Study: Cortisol Lowers Altruism in Highly Empathetic People

Summary: The stress hormone cortisol reduces altruistic choices and changes activity in the dorsolateral prefrontal cortex, especially in people with stronger capacity to infer others’ mental states.

Source: SfN

New research published in The Journal of Neuroscience shows that cortisol—the hormone released during stress—can reduce charitable giving and alter neural value representations in brain regions involved in social decision-making, but these effects are most pronounced in people with higher mentalizing ability (the skill of imagining others’ thoughts and feelings).

Researchers at Universität Hamburg measured how much participants donated to various charities before and after a psychosocial stress task that involved public speaking, while recording brain activity with functional magnetic resonance imaging (fMRI). To make donations personally costly, participants kept a portion of the money they did not give away.

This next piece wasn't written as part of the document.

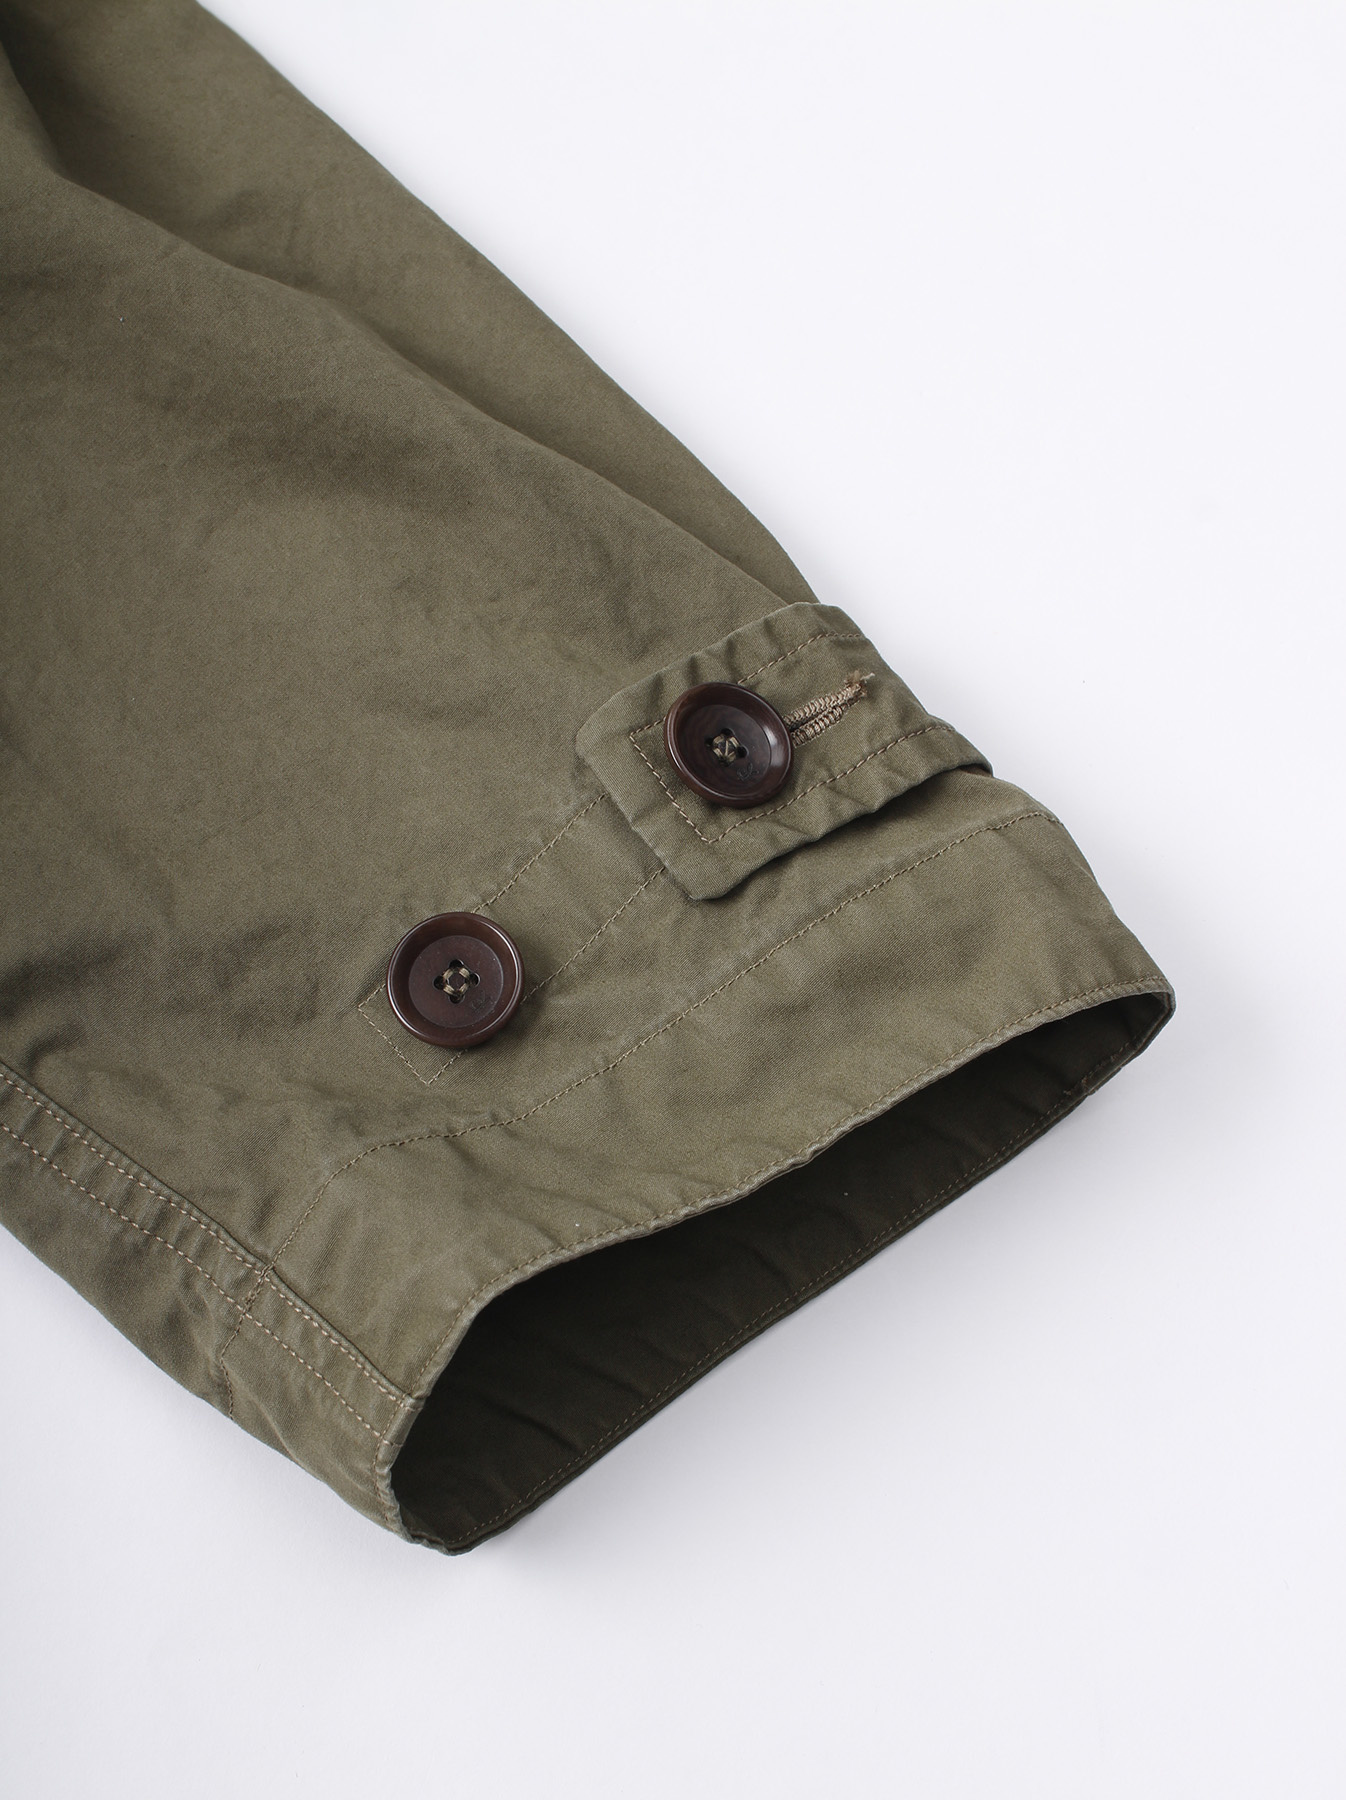 Weather Cloth Umahiko Mods Hoodie-11

Before the stress task, participants who scored higher on independent tests of mentalizing generally donated more than those with lower mentalizing ability. After the stress manipulation, increases in salivary cortisol predicted reduced donations, but only among these high mentalizers. Participants with lower mentalizing capacity showed no reliable change in generosity with cortisol increases.

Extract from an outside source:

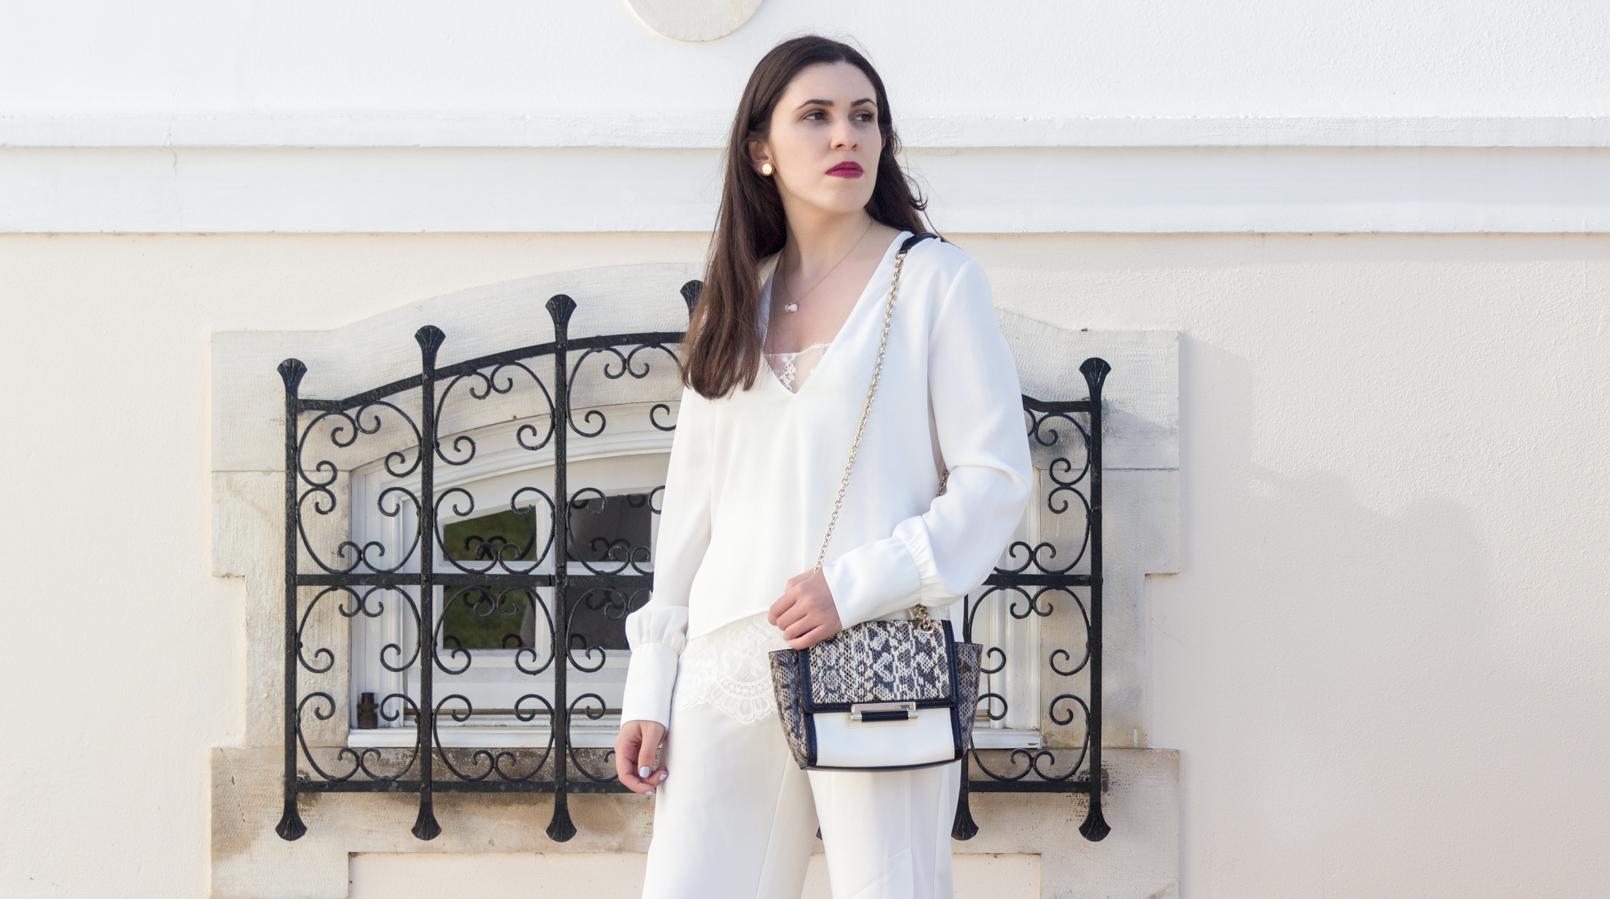 Le Fashionaire Where to shop for discount designer bags? white lace zara blouse diane von furstenberg leather snake gold chain white bag white quartz hm necklace bulgari white gold earrings 5614F EN

This shows brain scans from the study
Decoding accuracies in a subset of these brain areas (yellow) were increased with higher mentalizing capacity. Credit: Schulreich et al

Multivariate analyses revealed that activity patterns in the right dorsolateral prefrontal cortex (rDLPFC)—a region implicated in social decision-making and value representation—predicted how high mentalizers would allocate money to charity. When cortisol levels rose, the predictive relationship between rDLPFC activity and donation choices weakened, suggesting that stress diminished the neural representation of charitable value in this region.

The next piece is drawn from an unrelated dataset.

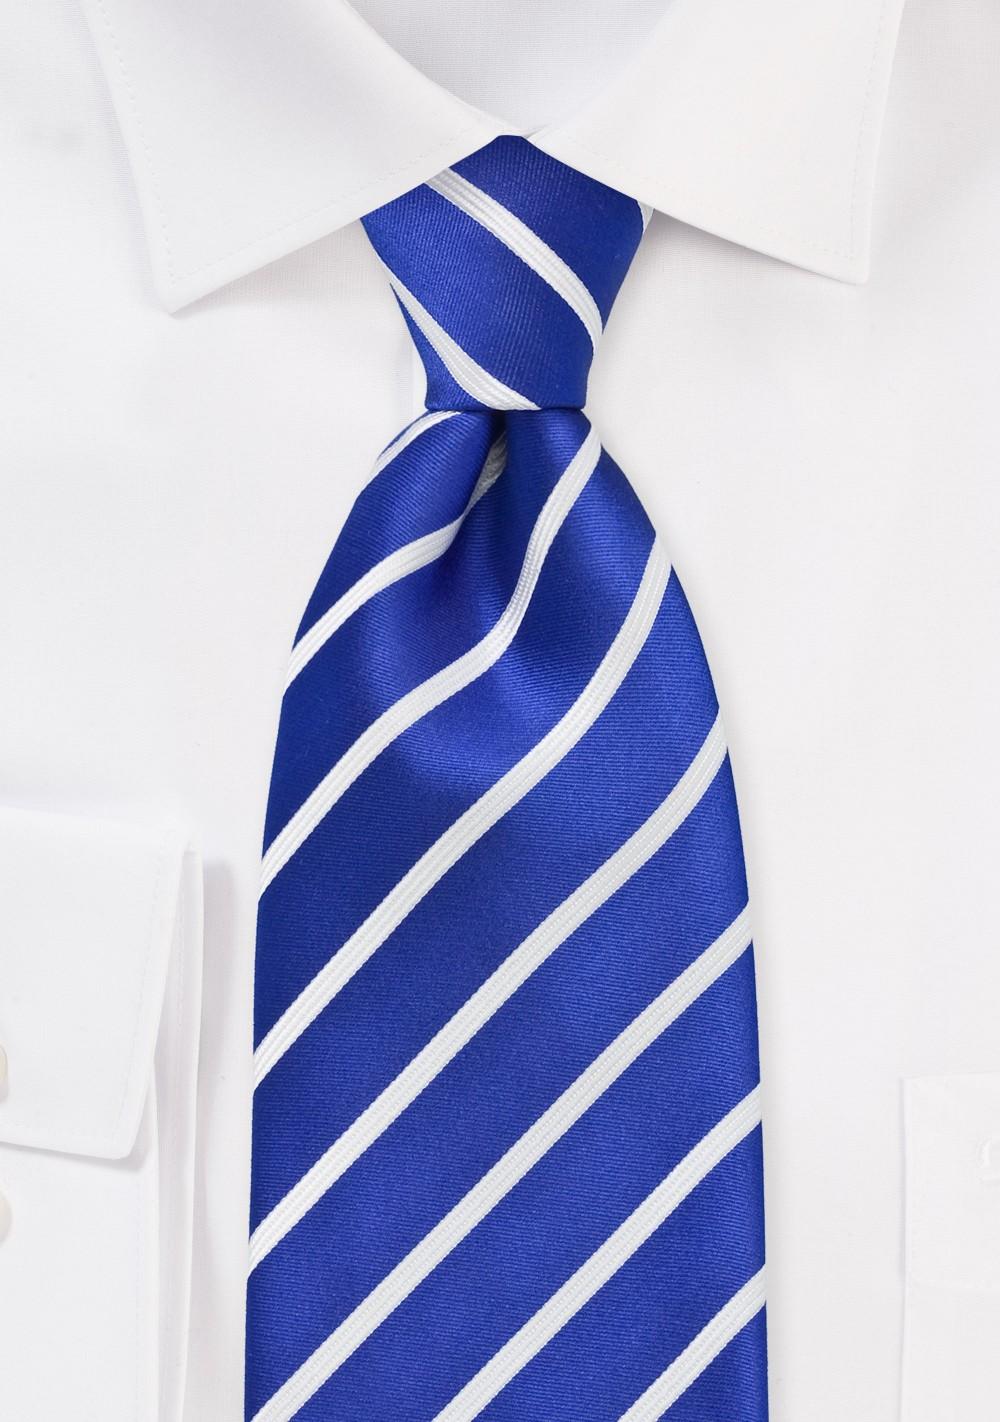 Marine Blue and White Tie

Taken together, the behavioral and neuroimaging data indicate that cortisol can selectively disrupt the neurocognitive processes high mentalizers use to make altruistic decisions. In other words, people who normally rely on mentalizing to guide prosocial behavior appear more vulnerable to stress-related reductions in generosity because cortisol interferes with value coding in the DLPFC.

About this neuroscience and altruism research news

Author: Press Office
Source: SfN
Contact: Press Office – SfN
Image: The image is credited to Schulreich et al

Original Research: Closed access.
“Altruism under stress: cortisol negatively predicts charitable giving and neural value representations depending on mentalizing capacity” by Schulreich et al. Journal of Neuroscience


Abstract

Altruism under stress: cortisol negatively predicts charitable giving and neural value representations depending on mentalizing capacity

Altruism—defined as costly behavior that benefits others—varies widely across individuals and situations. One common context for social choices is exposure to acute stress. This study examined how stress affects charitable decision-making and which neurocognitive mechanisms mediate any changes.

Participants of both sexes completed a donation task inside an fMRI scanner before and after either a psychosocial stressor or a control procedure. The study also assessed each participant’s capacity to infer others’ mental states (mentalizing) in an independent task, since mentalizing predicts prosocial behavior and may be sensitive to stress.

While the stress induction itself did not produce a uniform change in donations across the whole sample, individual increases in cortisol were associated with reduced donations among participants with high mentalizing capacity. No such cortisol-related decline in giving was observed in participants with low mentalizing ability.

Neurally, multivariate response patterns in the right dorsolateral prefrontal cortex were less predictive of post-manipulation donations in high mentalizers who experienced cortisol increases, indicating a reduction in value coding. This neural effect statistically mediated the relationship between cortisol rise and lower donations among high mentalizers.

These findings suggest that cortisol can modulate mentalizing-related neurocognitive processes and thereby reduce altruistic behavior. The DLPFC emerges as a key neural node mediating stress-related shifts in charitable decision-making.

Significance Statement

Altruism underpins social cohesion, and acute stress and its neuroendocrine consequences can alter social behavior. This study identifies cortisol as a hormonal factor linked to decreased generosity, with the effect dependent on individuals’ ability to mentalize and mediated by reduced value representations in the right DLPFC.

Understanding these mechanisms clarifies how stress may impair social cognition and prosocial conduct and points to neural targets for interventions aimed at preventing stress-related declines in altruism and social decision-making.